Economics in One Lesson

Among my other sins. I have written a book. It is called Sex and Drugs: A journey Beyond Limits (Playboy Press) but I am not the sort of sneaky character who would turn a whole column into a plug for his own book. (Although, if you’re really interested, I might mention that Stan Dale of KGO radio called it “A very important and entertaining book,” Tom McCann in WIN magazine wrote that it was “Factual material presented in a very entertaining way … A good part of the book is concerned with the type of sex magic Crowley practiced and taught … Well worth reading … It will save more than a few heads and even lives,” James Collins in FATE enthused „Truthful, independent and objective .. amusing … the best available account of sex and drugs in the modern world … accurate, complete and useful … can’t be beat,” the San Francisco PHOENIX said “A vast treasure chest of lore … unique,” Gay Times raved „A good and knowledgeable writer … a lot of research … a damned fine story teller … encyclopediac … humorous,” CITY magazine saluted me with “An enormous store of exotic erotic exoterica … a shipload of information delightful,” BALL called it “Essential for anyone concerned with either sex or drugs,” Dr. Timothy Leary said it was “Scholarly, hip, scientific, witty, well-written, skeptical … I think it’s great,” Alan Watts muttered ambiguously that it was “Obscene, subversive, blasphemous, esoteric and extremely interesting,” Publisher’s Weekly dubbed it “informative … light-hearted … valuable,” Dr. Israel Regardie praised it as “A damned fine book … I hope it sells like hot-cakes,” Kirkus Service said “Potentially Explosive … remarkably free from the Alice-in-Freakland logic so popular among drug scene apologists,” and so on, and so forth—but I don’t want to quote all the rave reviews it got, since the reader might think this column is just a tricky way of advertising the book, which is called SEX AND DRUGS, in case you forget, and is only $1.50 from Playboy Press.)

To Proceed: I have written this book (called SEX AND DRUGS, Playboy, $1.50) from original research onwards to finished, professionally typed manuscript. Now, what happens when somebody is good enough to buy a copy of the damned thing?

The clerk in the bookstore gets a certain commission for selling it, or he gets a straight salary at the end of the week. In either case, Uncle Sam takes a bite. The government in no way helped to sell the book, but Uncle takes his bite nonetheless. Chomp, chomp—and off goes part of the clerk’s earnings.

The owner of the store takes a profit, for being such a clever chap as to own the store and make other people work for him as clerks. Out of this profit, Uncle comes along and takes another huge chomping bite.

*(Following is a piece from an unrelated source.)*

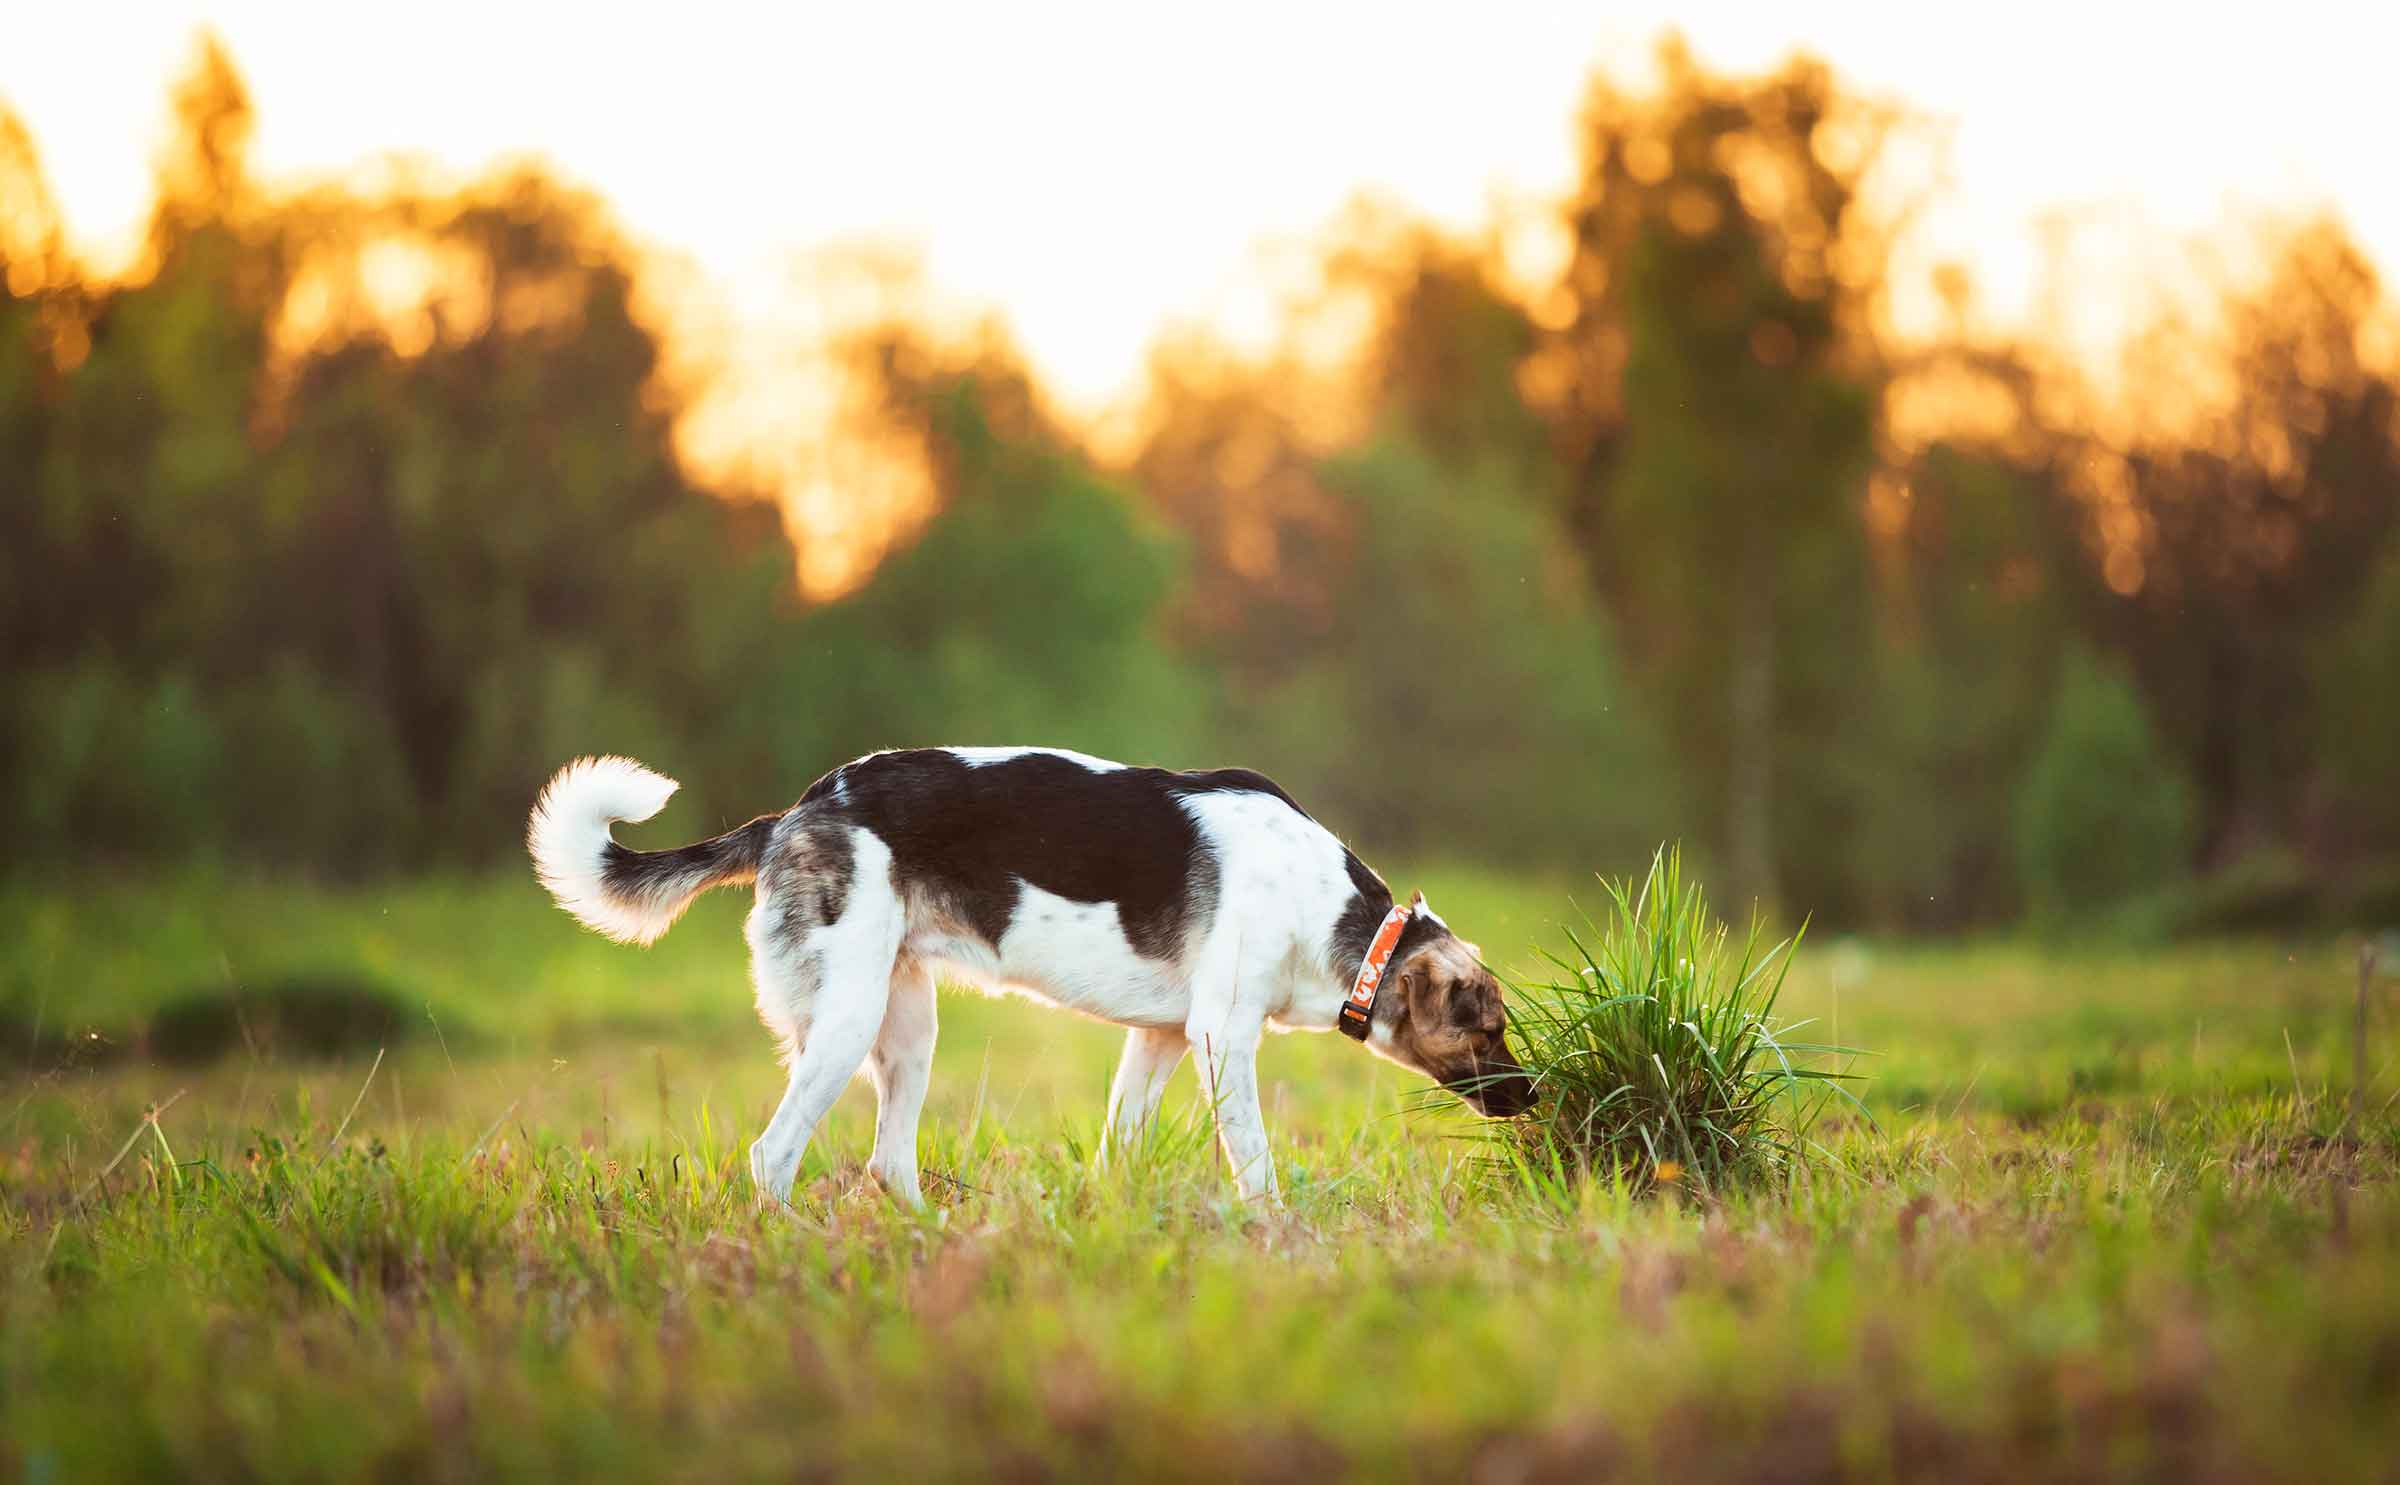 Darwin's Ranks Better than Most Dog Food Brands in Glyphosate Test

If the owner actually rents the shop, the landlord gets a piece of the action next, known as rent. Uncle descends quick as a vulture and takes a bite out of the rent, too. Chomp, chomp.

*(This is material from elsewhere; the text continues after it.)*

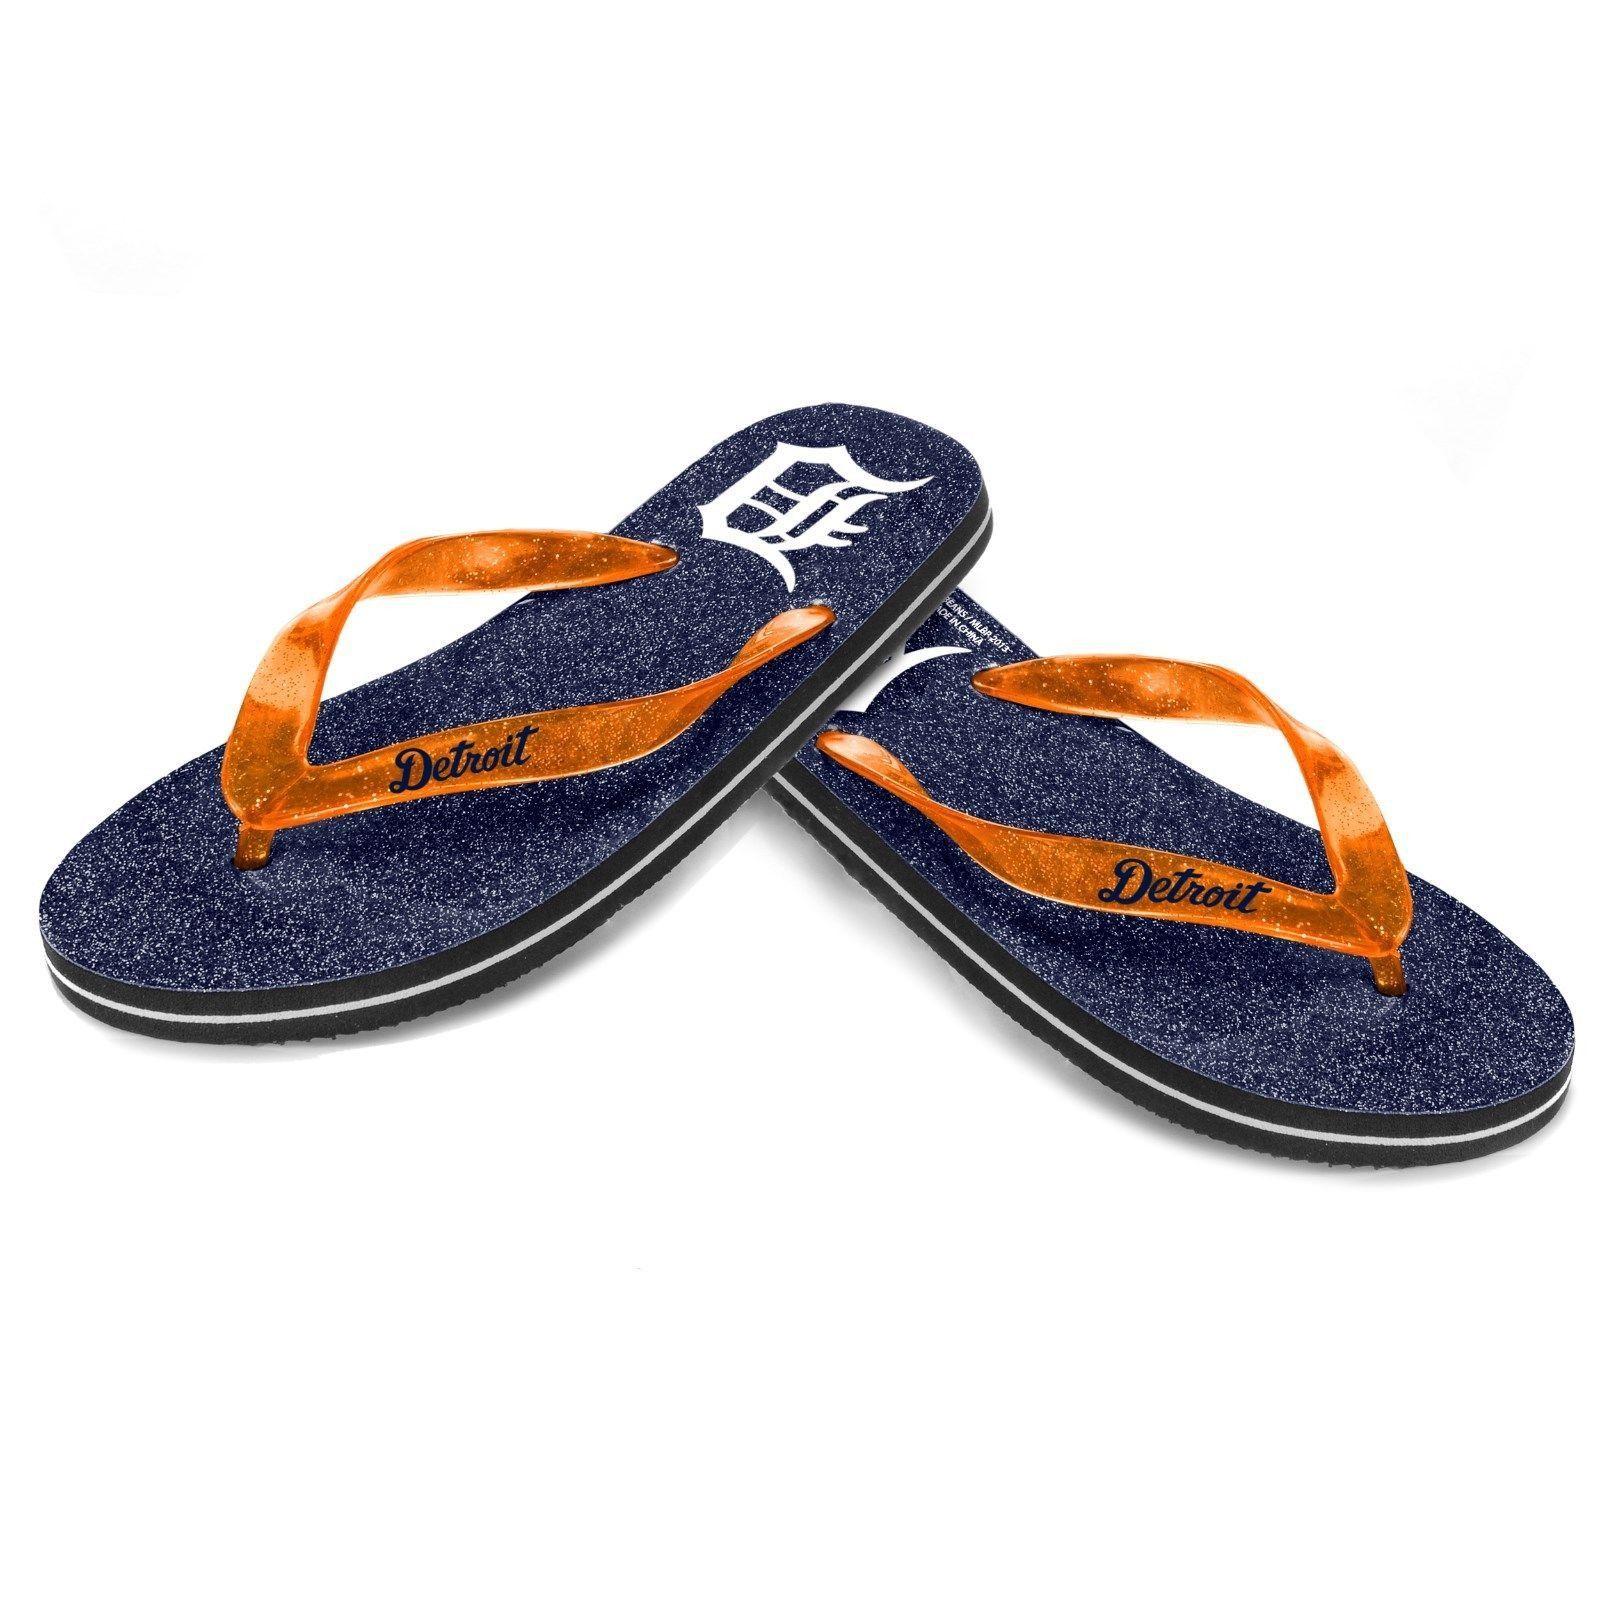 Detroit Tigers Women's Glitter Flip Flop Sandals

Now, a salesman from the publishers has placed the books with this shoppe, he gets a bit of the long green since they are selling. Uncle smells the cash immediately and leaps forward again, fanged like Dracula, to take another chomp.

Come now to the print shop. The workers who actually set the volume into type get paid—and their checks all have big tooth-marks. Yes: Uncle has been feeding again. He’s taken as much as 20% of their salaries (if they happen to be bachelors.) No, he didn’t set the type, anymore than he shipped the books to the bookshop or owned the land the shoppe stands on, but he bites down like an alligator anyway, and nobody is strong enough to resist him.

Look next at the owner of the print shop. He adds up his profits, sighs—and Uncle is there chewing away, taking a chunk out of this part of the process also.

Go back to the publisher’s office with me. The artist who designed the jacket—Uncle has chewed a piece out of his salary, too. The editors who added the misprints and awkward sentences to make me scream when I saw the first copy (standard publishing procedure)—they look into their pay envelopes and find that Uncle has been nibbling there, too. And Hef himself, the publisher—they’re chewing millions out of him, of course. He’s rich.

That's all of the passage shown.